Solve the matrix equation \(X+A=2(X-B)\).

The matrix equation \(X+A=2(X-B)\) can be rewritten as \(X+A=2 X-2 B\). Rearranging terms, we get \(X-2 X=-A-2 B\). Simplifying, we have \(-X=-A-2 B\). Multiplying by \(-1\), we get \(X=A+2 B\).

Substituting the given matrices \(A\) and \(2B\) into the equation, we have:

\[ X=A+2 B=\left[\begin{array}{ccc} 1 & 0 & 0 \\ 0 & 3 & 0 \\ 0 & 0 & -3 \end{array}\right]+\left[\begin{array}{lll} 2 & 2 & 2 \\ 2 & 2 & 2 \\ 2 & 2 & 2 \end{array}\right]=\left[\begin{array}{ccc} 3 & 2 & 2 \\ 2 & 5 & 2 \\ 2 & 2 & -1 \end{array}\right] \]

Therefore, the solution to the matrix equation \(X+A=2(X-B)\) is \(X=\left[\begin{array}{ccc}3 & 2 & 2 \\ 2 & 5 & 2 \\ 2 & 2 & -1\end{array}\right]\).

Exercise 6¶

[P] Let the matrix \(A\) be given by

\(A=\left[\begin{array}{cc} 3-2 q & 1 \\ 4 & 3+2 q \end{array}\right]\)

where \(q\) is a scalar.
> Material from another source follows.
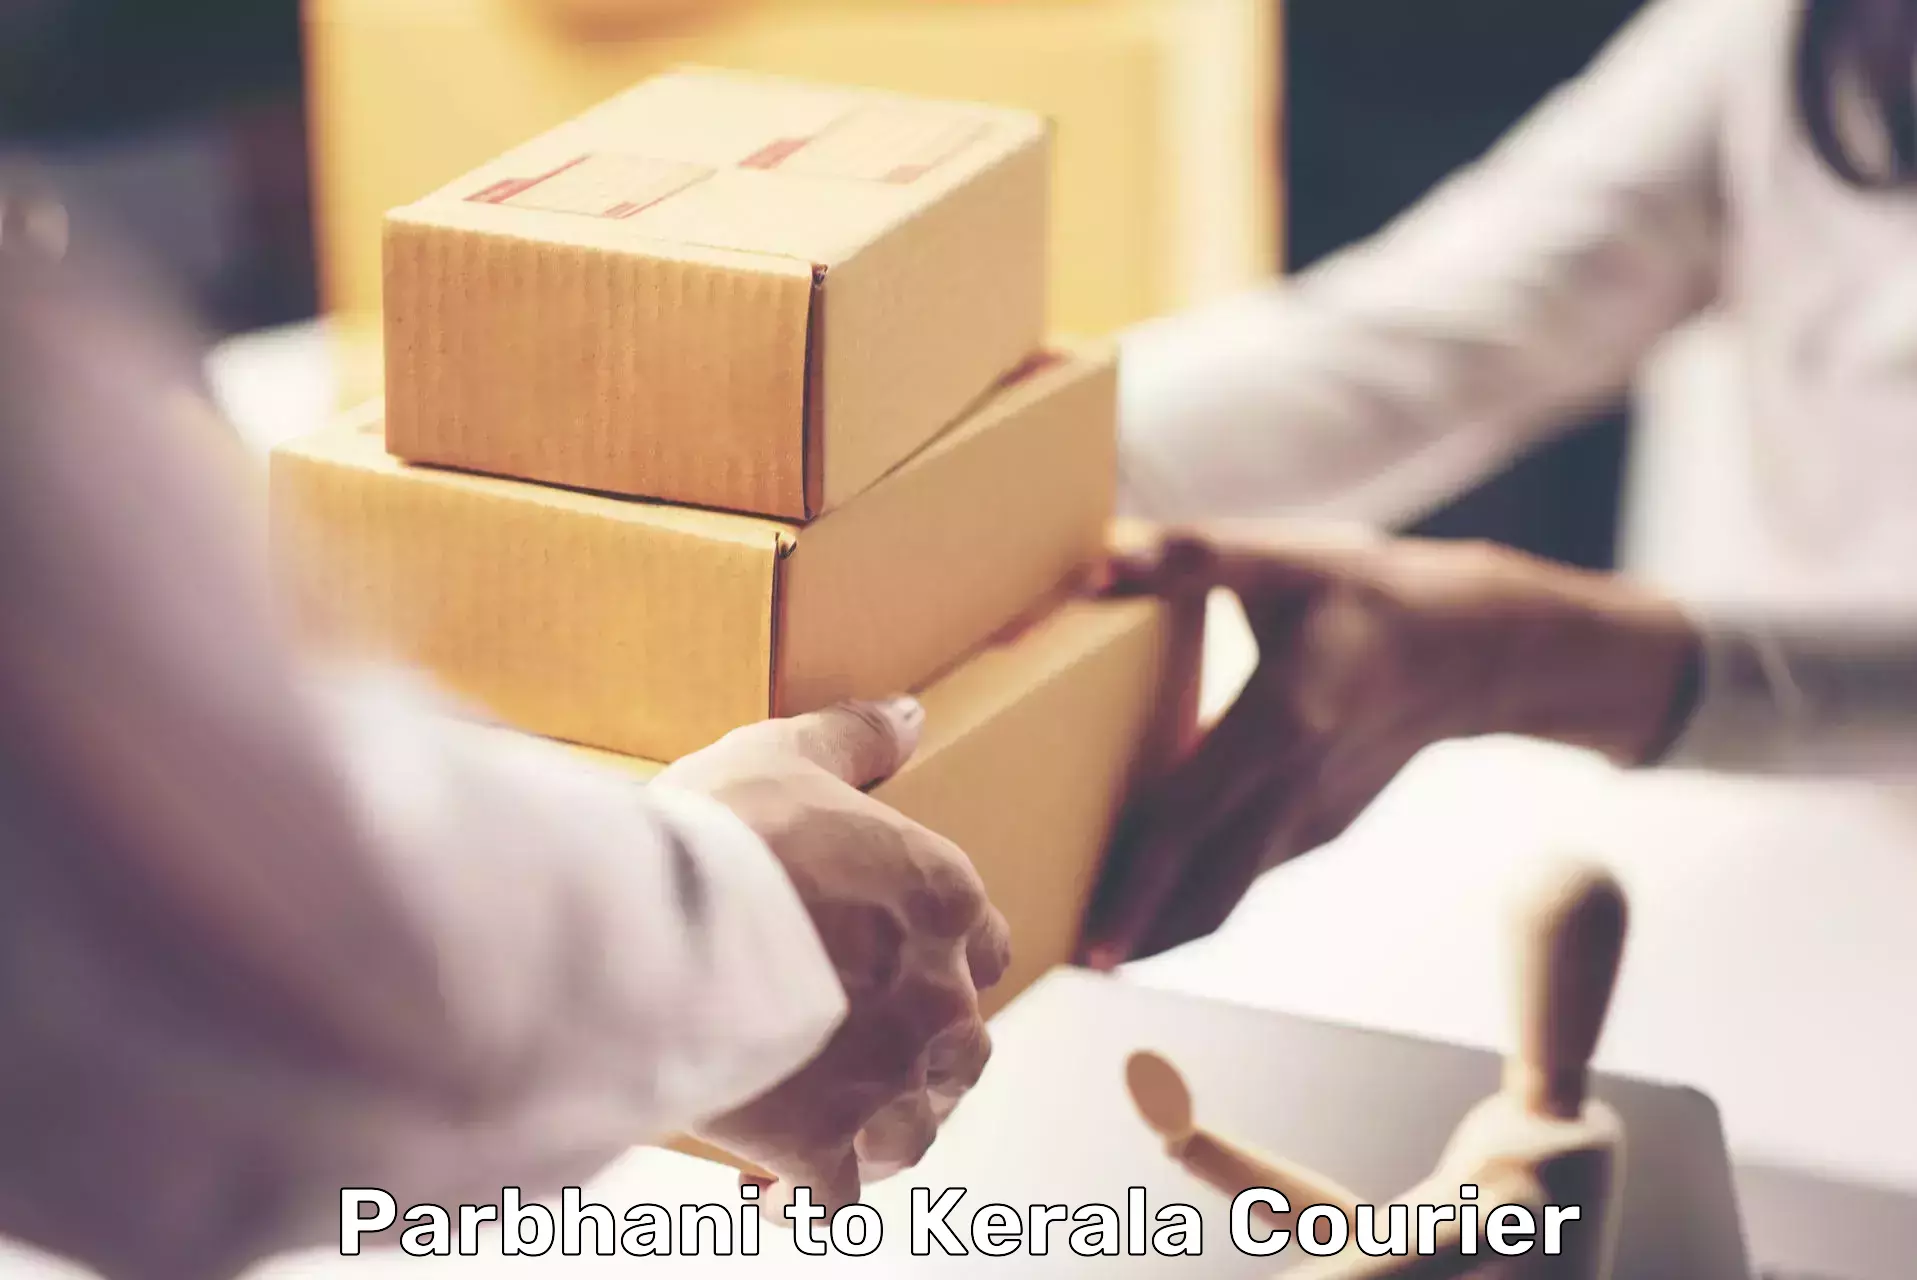 Customer-focused courier Parbhani to Kozhikode

Calculate \(q\) so that

\(A^2=\left[\begin{array}{cc} 29 & 6 \\ 24 & 125 \end{array}\right]\)

Let \(A = \begin{bmatrix} 3 - 2q & 1 \\ 4 & 3 + 2q \end{bmatrix}.\)

Then, \(A^2 = \begin{bmatrix} (3 - 2q)^2 + 4 & 6 \\ 24 & (3 + 2q)^2 + 4 \end{bmatrix}.\) Since \( A^2 = \begin{bmatrix} 29 & 6 \\ 24 & 125 \end{bmatrix} \), we have:

\((3 - 2q)^2 + 4 = 29 \Rightarrow \) \((3 - 2q)^2 = 25 \Rightarrow 3 - 2q = \pm 5\)

Case 1: \(3 - 2q = 5 \Rightarrow q = -1\).

Case 2: \(3 - 2q = -5 \Rightarrow q = 4\).

Check: For \(q = -1\), we have: \(A^2=\left[\begin{array}{ll}5 & 1 \\ 4 & 1\end{array}\right]\left[\begin{array}{ll}5 & 1 \\ 4 & 1\end{array}\right]=\left[\begin{array}{ll}29 & 6 \\ 24 & 9\end{array}\right]\)

For \(q = 4\), we have: \(A^2=\left[\begin{array}{cc}-5 & 1 \\ 4 & 11\end{array}\right]\left[\begin{array}{cc}-5 & 1 \\ 4 & 11\end{array}\right]=\left[\begin{array}{cc}29 & 6 \\ 24 & 125\end{array}\right]\)

So only \(q = 4\) satisfies the equation.